**TASK TO COMPLETE**
Return the listing below exactly, with the pictures dropped.

**DATA BELOW**
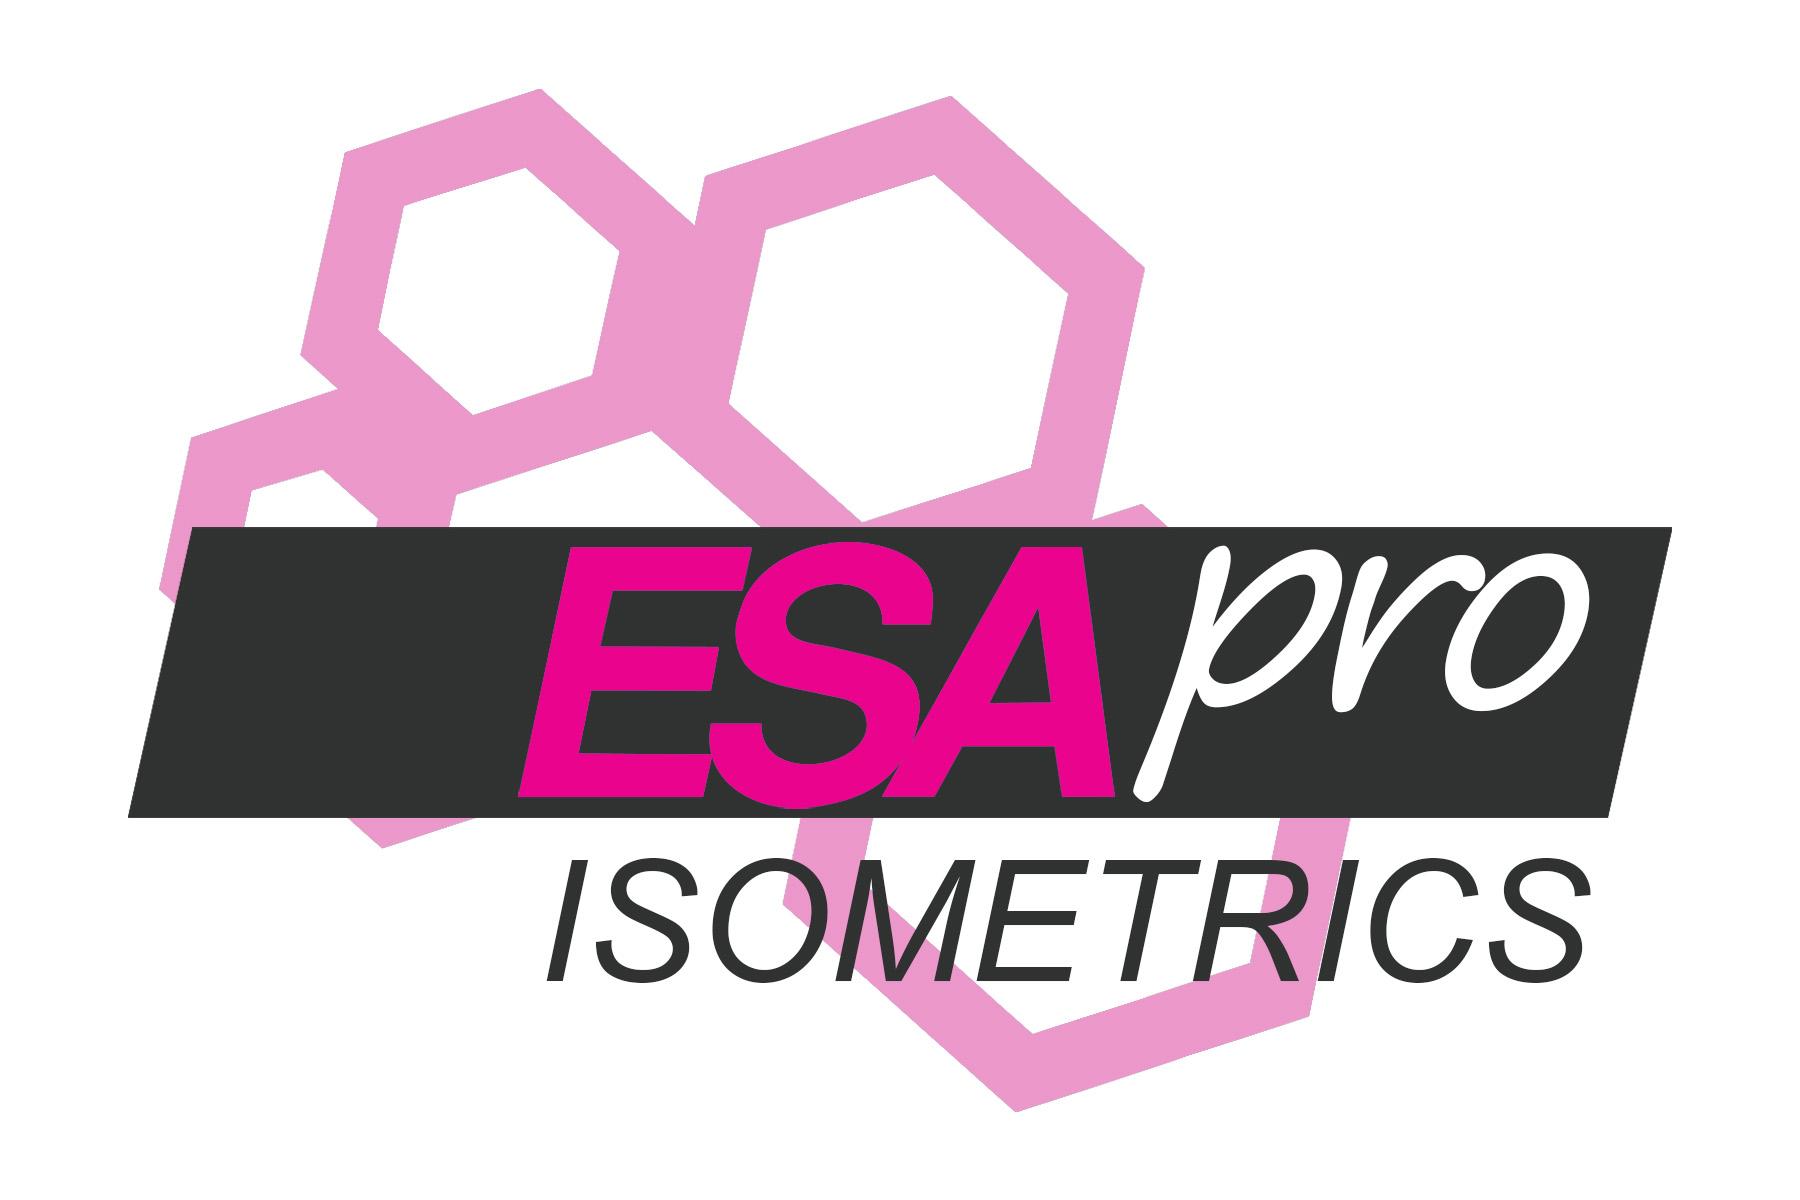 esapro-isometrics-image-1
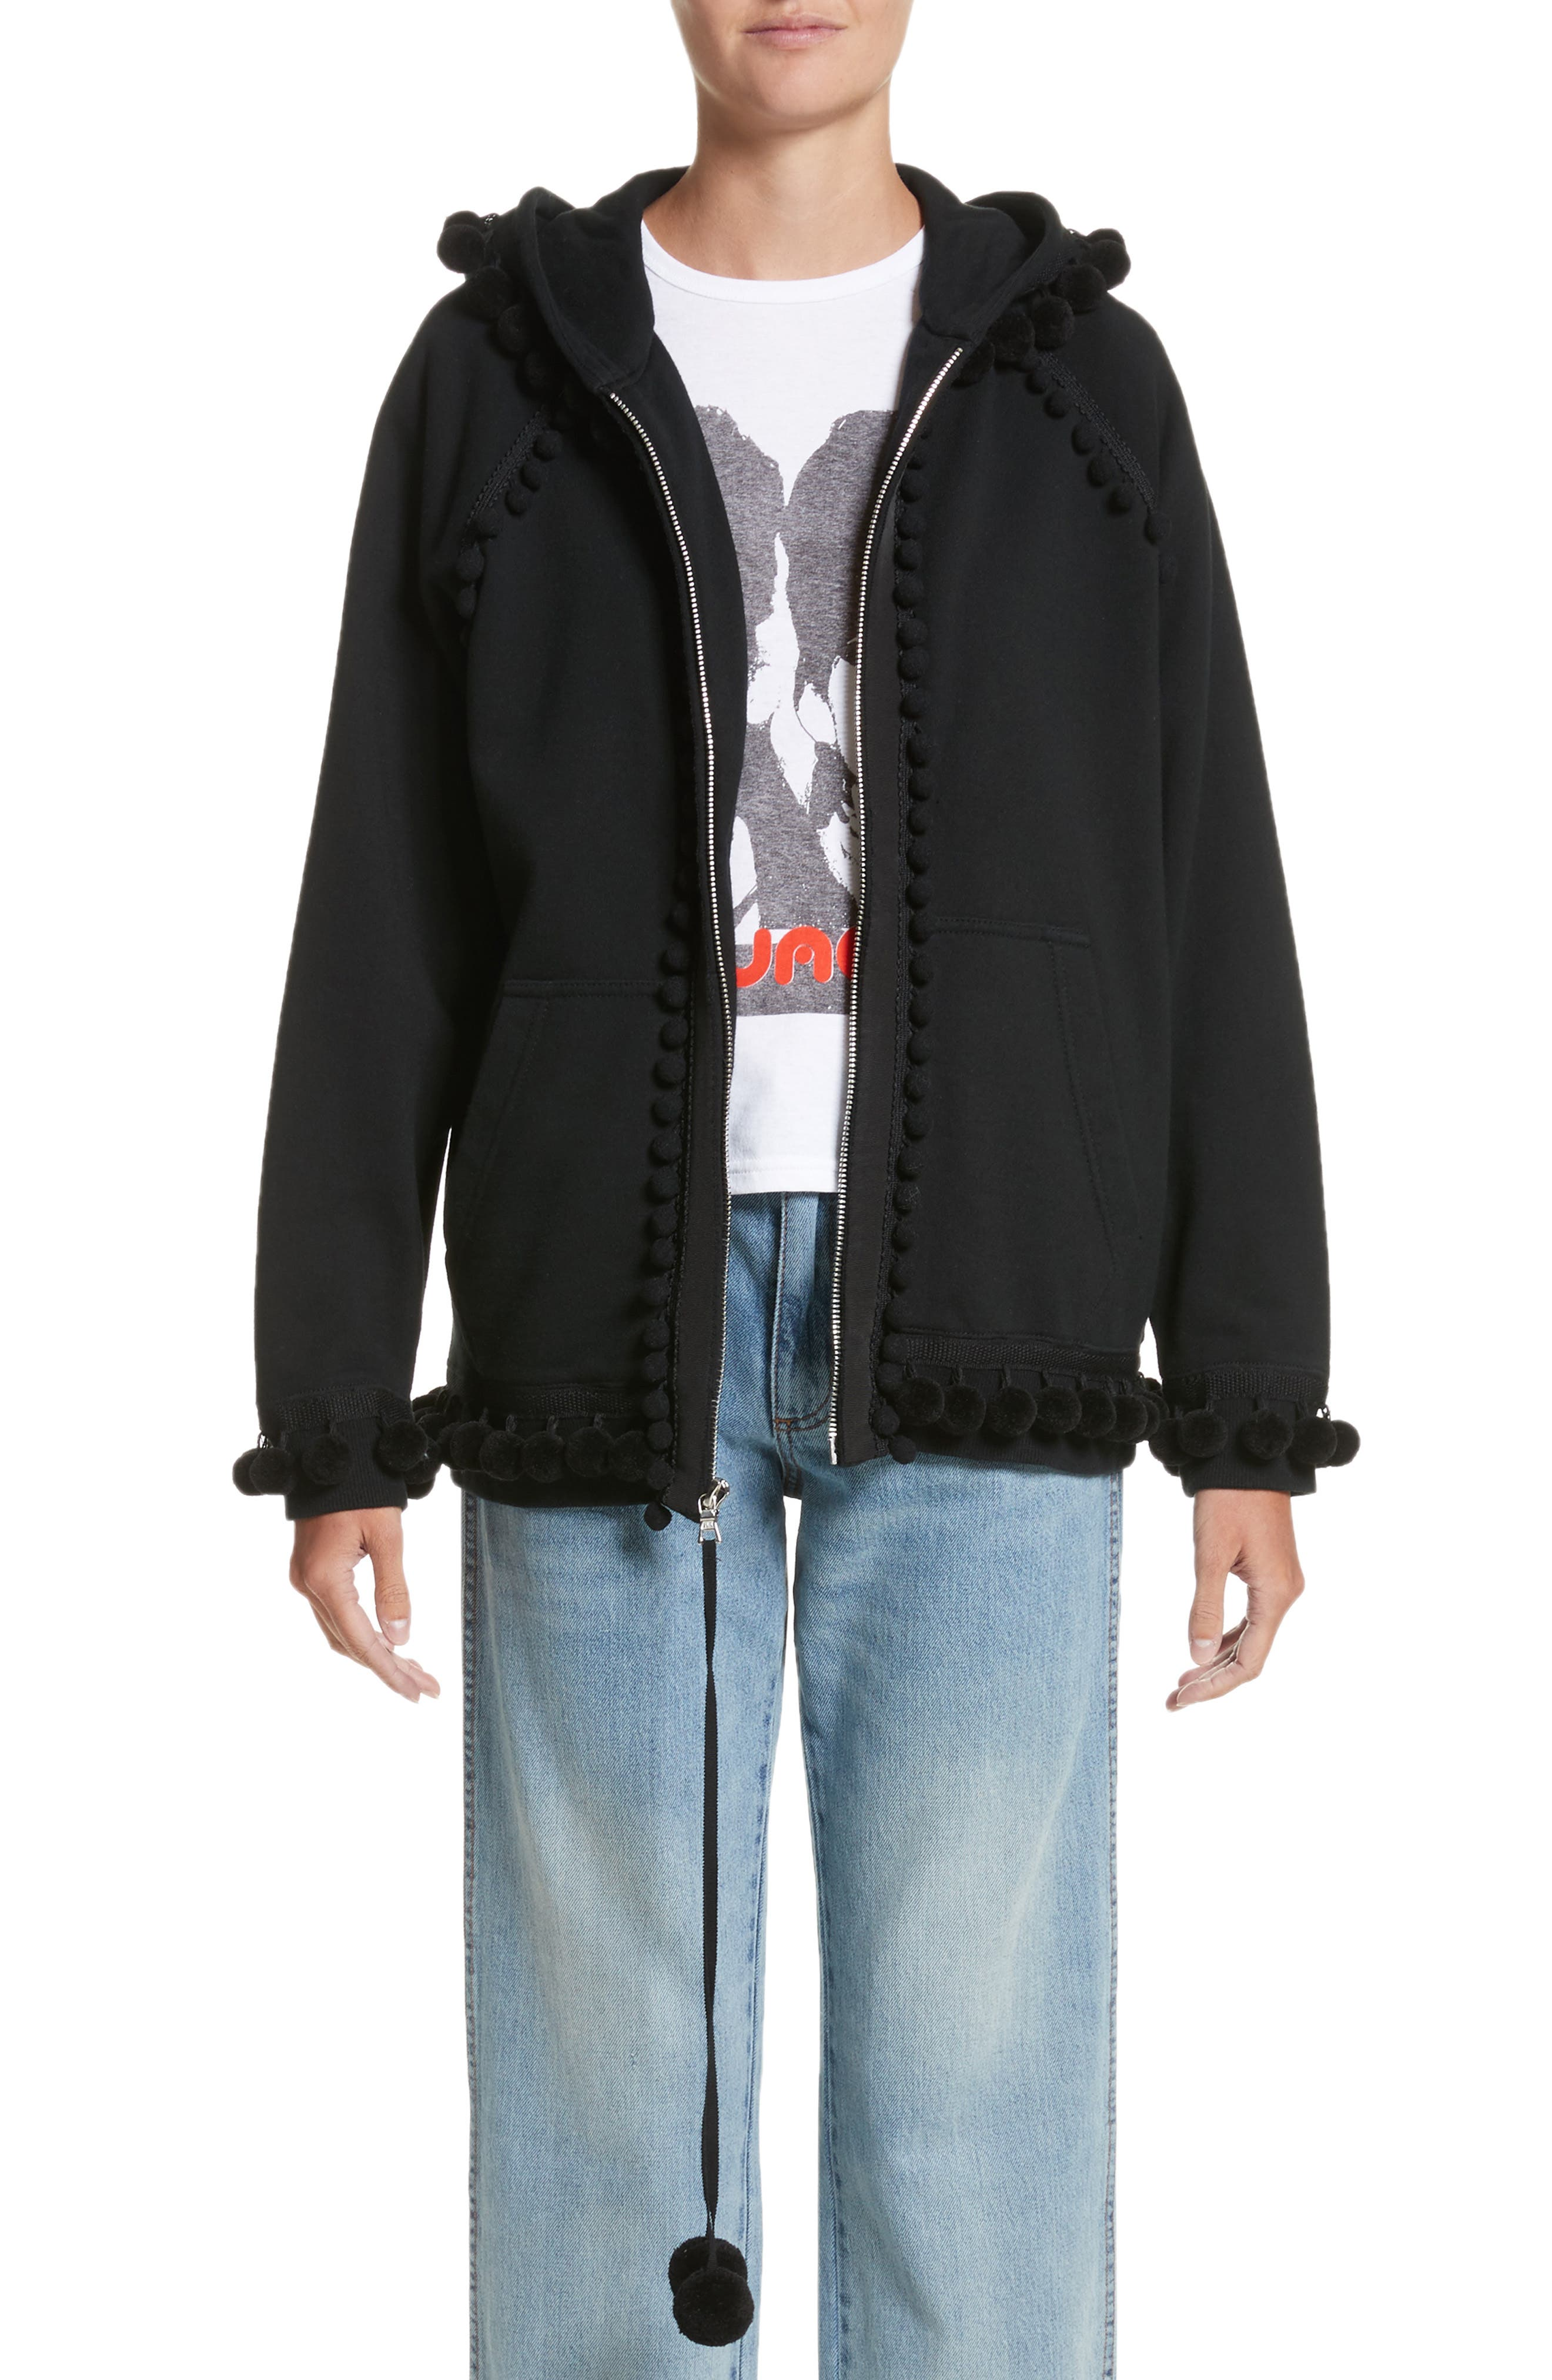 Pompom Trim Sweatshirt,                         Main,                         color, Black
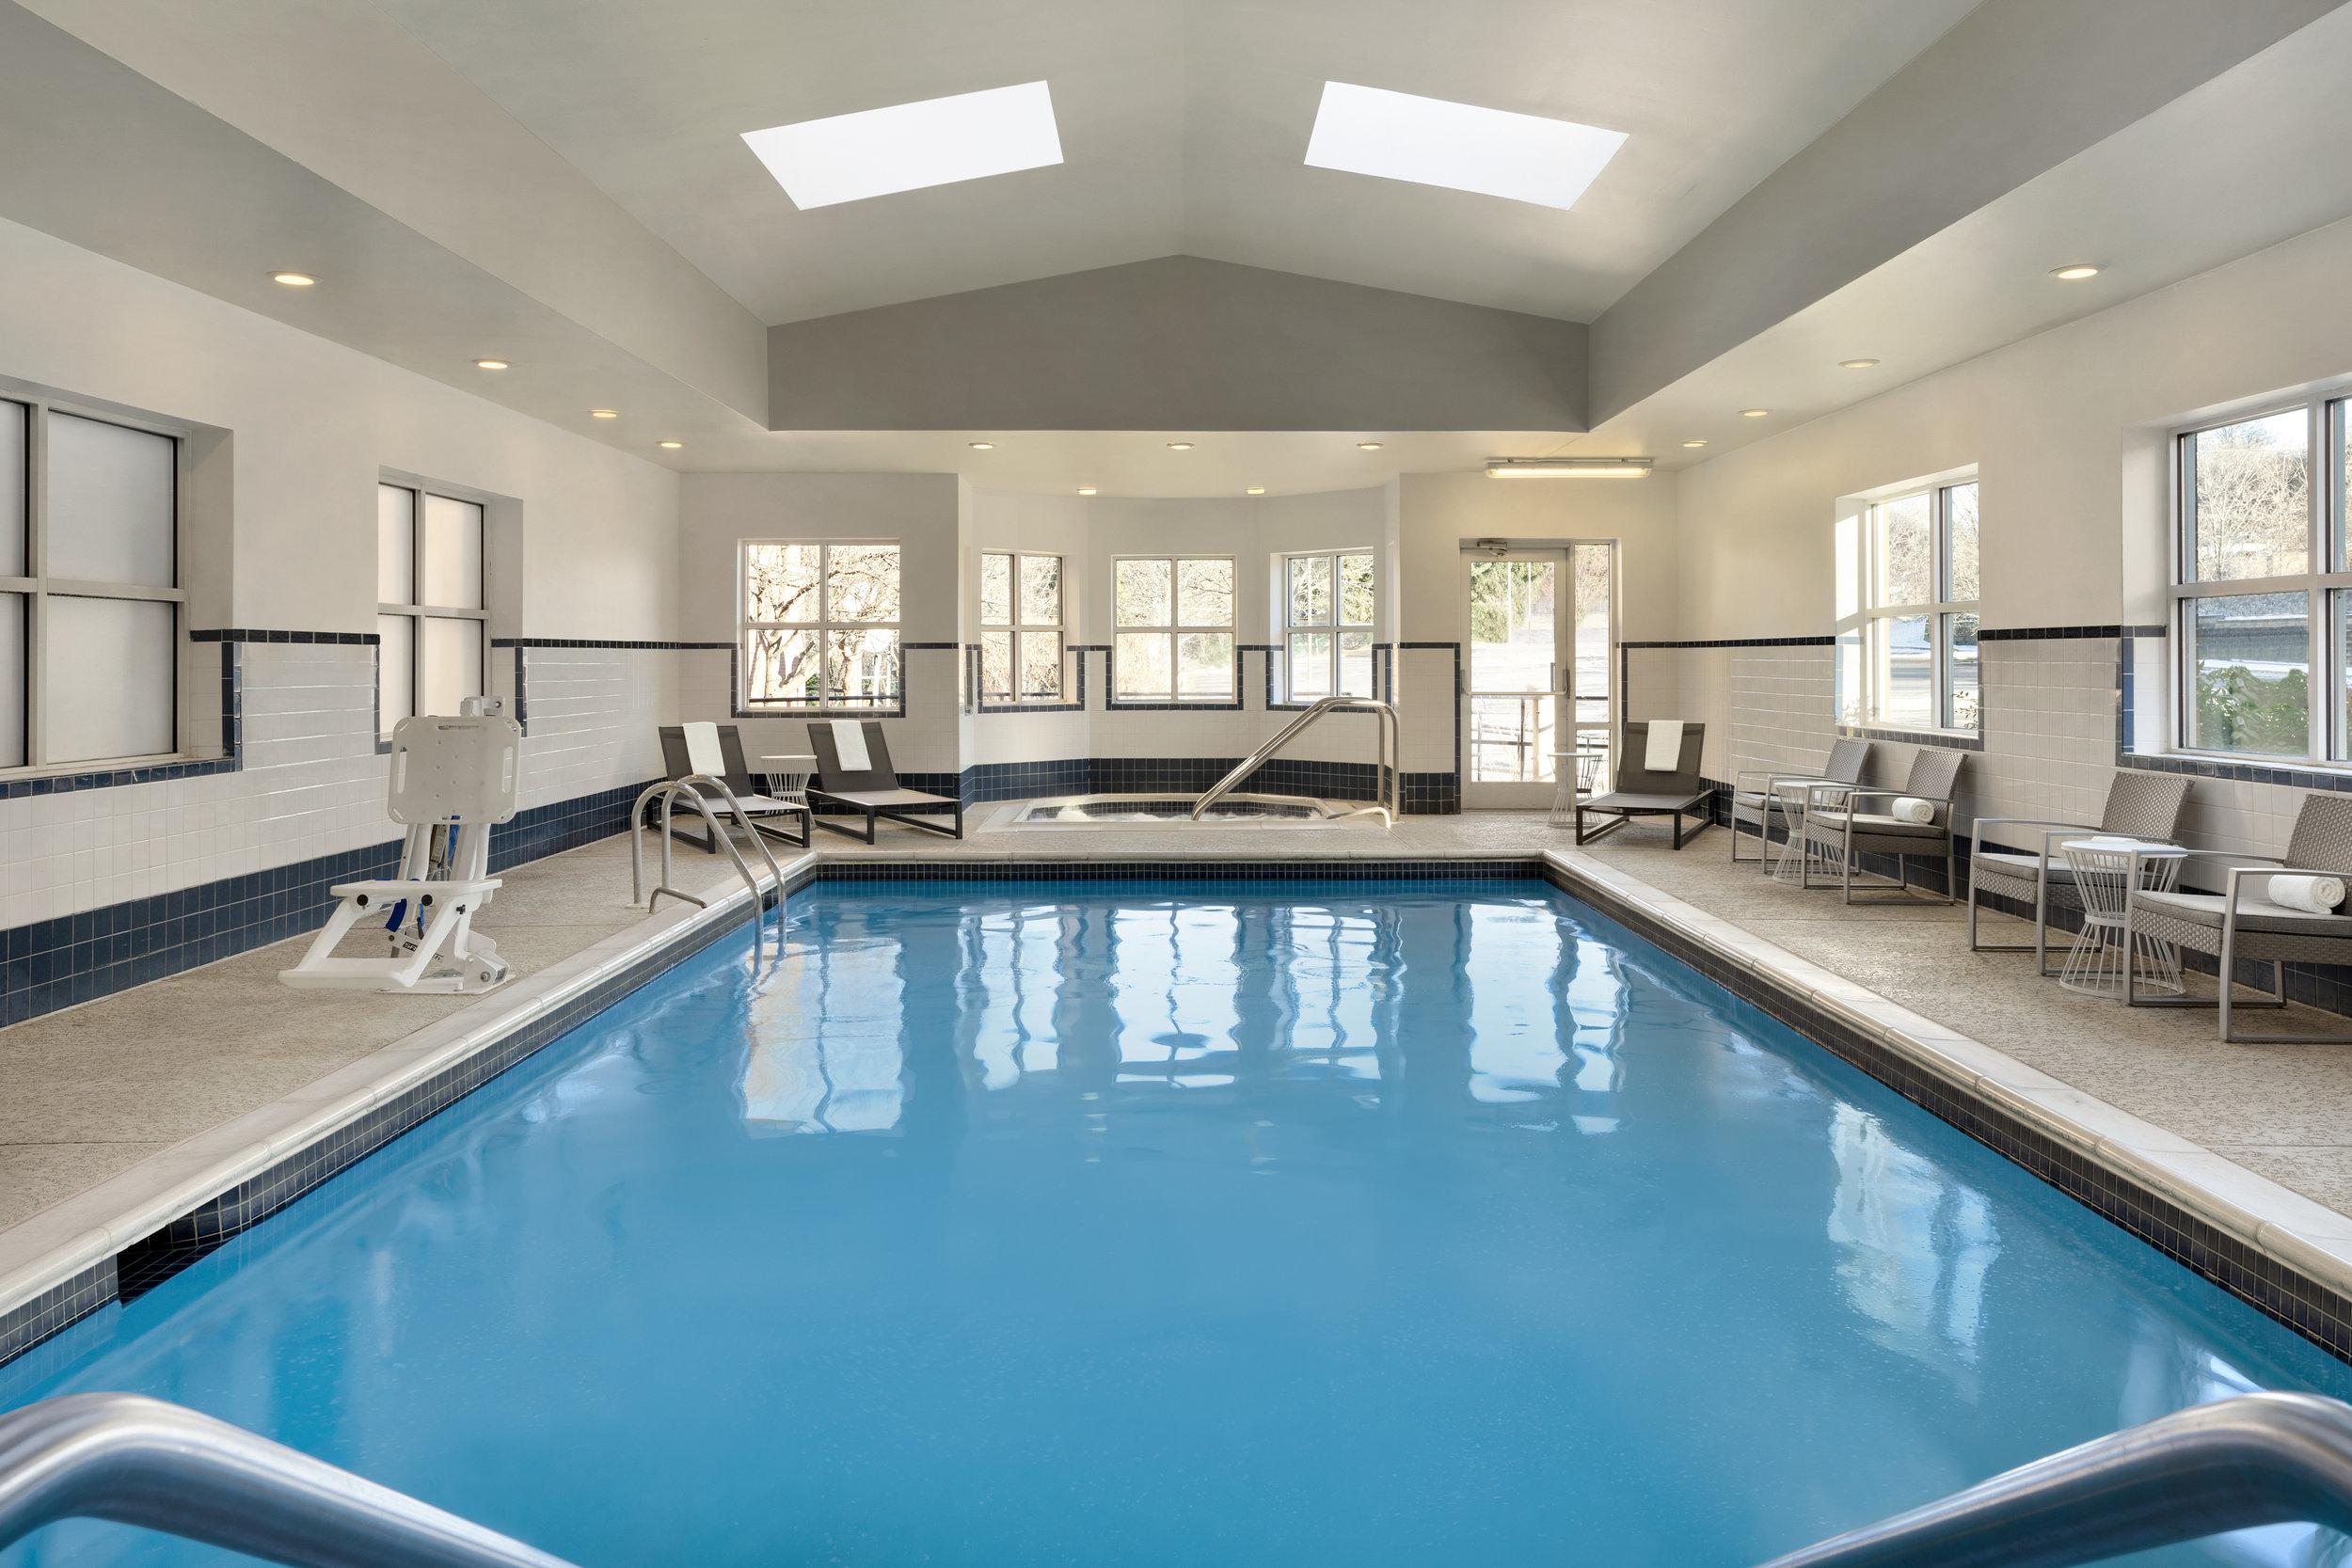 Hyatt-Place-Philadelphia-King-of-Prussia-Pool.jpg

**WRITTEN RESPONSE**
 esapro-isometrics-image-1
 Pompom Trim Sweatshirt,                         Main,                         color, Black
 Hyatt-Place-Philadelphia-King-of-Prussia-Pool.jpg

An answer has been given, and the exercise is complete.